Which one of them is the hardest to read? Which one can a person who’s not a fan find it a bit boring?
First and foremost, I am a huge fan of J.R.R. Tolkien’s work. I have lost count of the number of times I have read
Lord of the Rings. But I had not read
The Hobbit or
The Silmarillion yet, and decided to put an end to that situation.
Prior to purchasing it, I read several reviews about
The Silmarillion. One of the reviewers argued that it was the hardest book to read
because ‘and’ was the most used word in the book. I wondered if that was the case. And if not, why is it that
The Silmarillion is so hard to read? And I can testify that it is definitely hard to read: I attempted to read it at least thrice past year, but I ended reading several other books instead,
Lord of The Rings again as well.
The classic graphs
To find out if ‘and’ is the most frequent word in
The Silmarillion, I wrote a simple program who counted how many times did each word appear in the book. This quickly contradicted the affirmation by that reviewer, since the most frequent word in
The Silmarillion is the, followed by and and of.

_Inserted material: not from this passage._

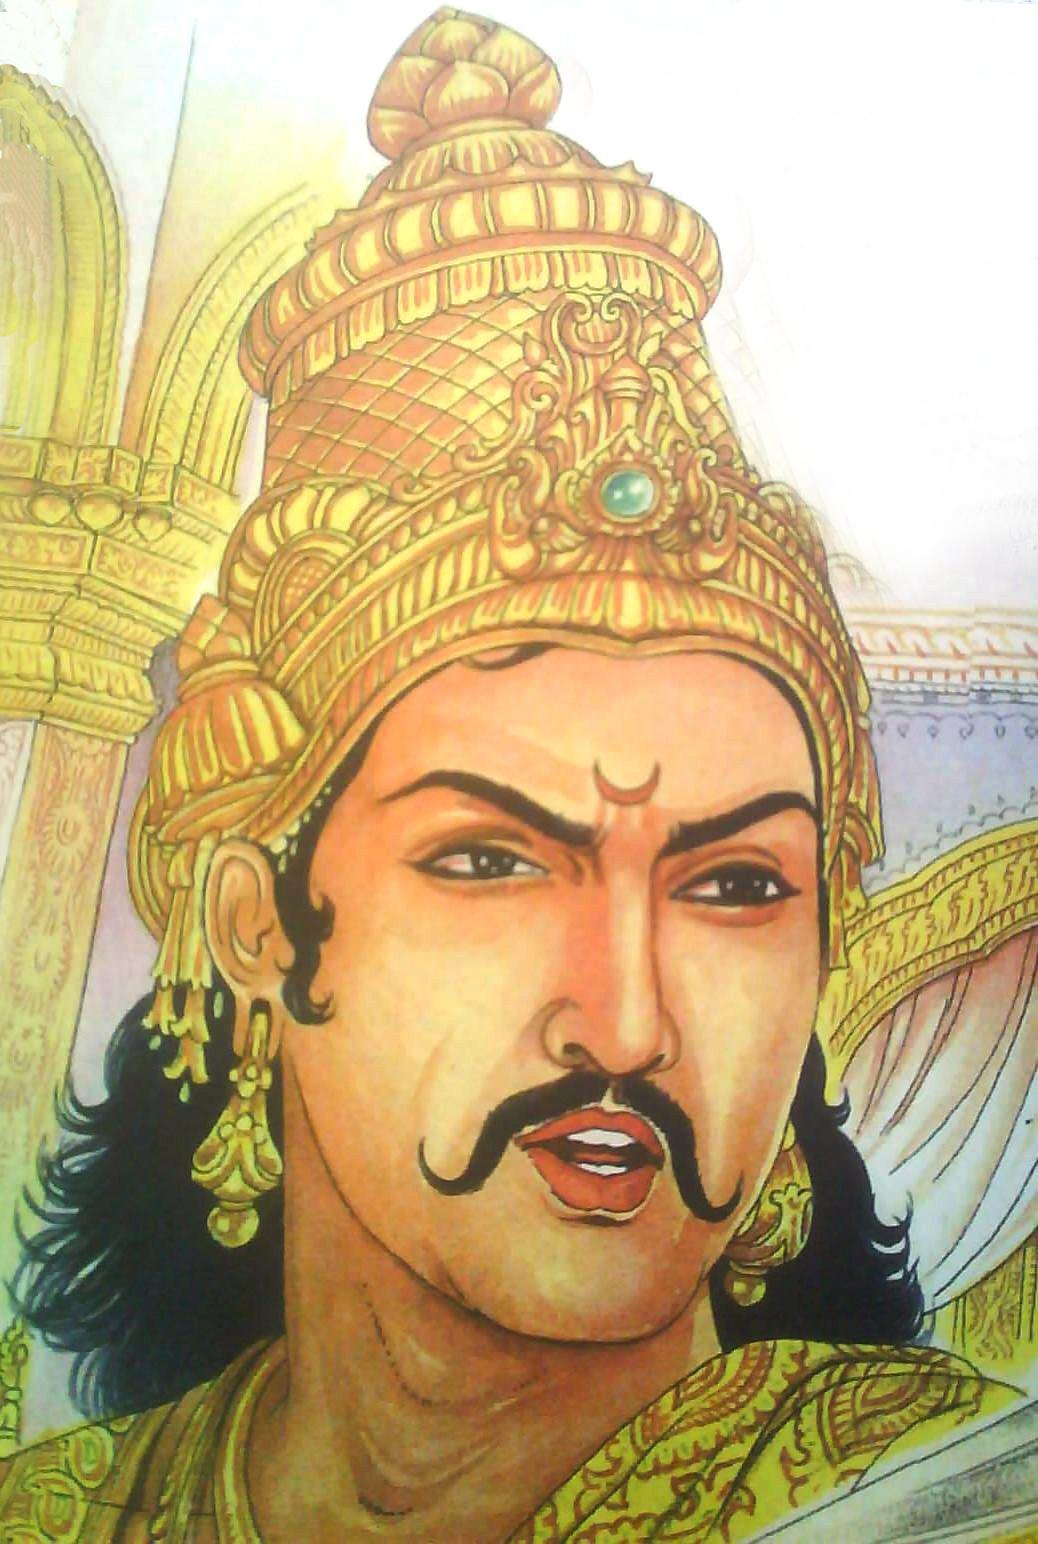 Chola Heritage: Ponniyin Selvan - Kalki The real hero

Obviously, as I had this program and it could analyse any text instantly, I thought that maybe I could analyse the other two main important works from Tolkien:
The Hobbit and
The Lord Of The Rings.
If I place all results side by side I may be able to deduct why ‘The Silmarillion’ is not as readable as the others, I said to myself. So I did:
Interestingly enough, all three books share the same top three words. In fact, all of their top words are pretty much the same (the, and, of, in, to, he, that, …). So it was totally unfair (apart from incorrect) to blame them for the lack of readability of a book.
What about the proportions and the distribution of words? If we compare the shapes of each chart together, it is easy to see that while the shapes for
The Hobbit and
The Lord of The Rings charts are really similar, the same does not occur with
The Silmarillion, where there is a huge quantitative difference between the top three words and the rest. Now that might explain something!

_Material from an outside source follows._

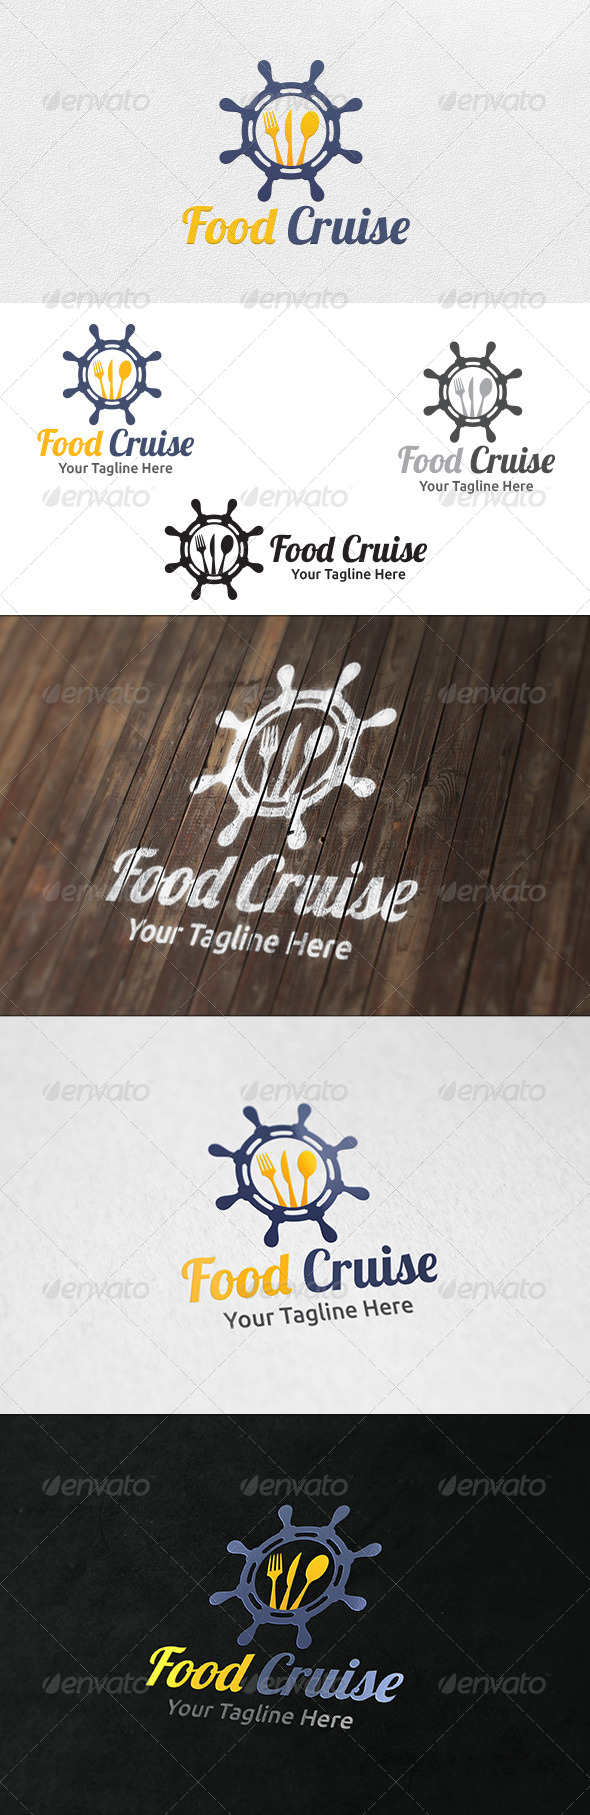 Food Cruise - Logo Template - Food Logo Templates

But I was not satisfied with this analysis yet. You cannot reduce style differences to numbers only; there were a number of factors that I had not considered yet: relations between words, typical constructions, language richness, even the length of the text itself! So I built a few more charts:
The word count chart confirms something we knew:
The Hobbit is shorter than
The Lord of The Rings, but slightly surprises me when it shows so clearly that
The Silmarillion is almost half the length than
LOTR. Specially because the reader does not experience that very same perception.

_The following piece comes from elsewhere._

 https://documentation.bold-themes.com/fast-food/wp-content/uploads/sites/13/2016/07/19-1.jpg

Maybe the readability differences could be attributed to the originality index? That is an index that I “invented”, taking the number of unique words for each book and dividing it by the total word count. That would provide us with another way of comparing the books. But the originality index chart is surprising as well. I expected
The Hobbit to have the lowest index, since that was the book that I perceived as easiest to read; in fact I even thought it was slightly dumb at certain points, too much children-oriented. But I was wrong; proportionally it is the most original book, and according to this chart,
The Silmarillion would be only a bit less enjoyable than
LOTR, that with only a 3% index, should be a bore.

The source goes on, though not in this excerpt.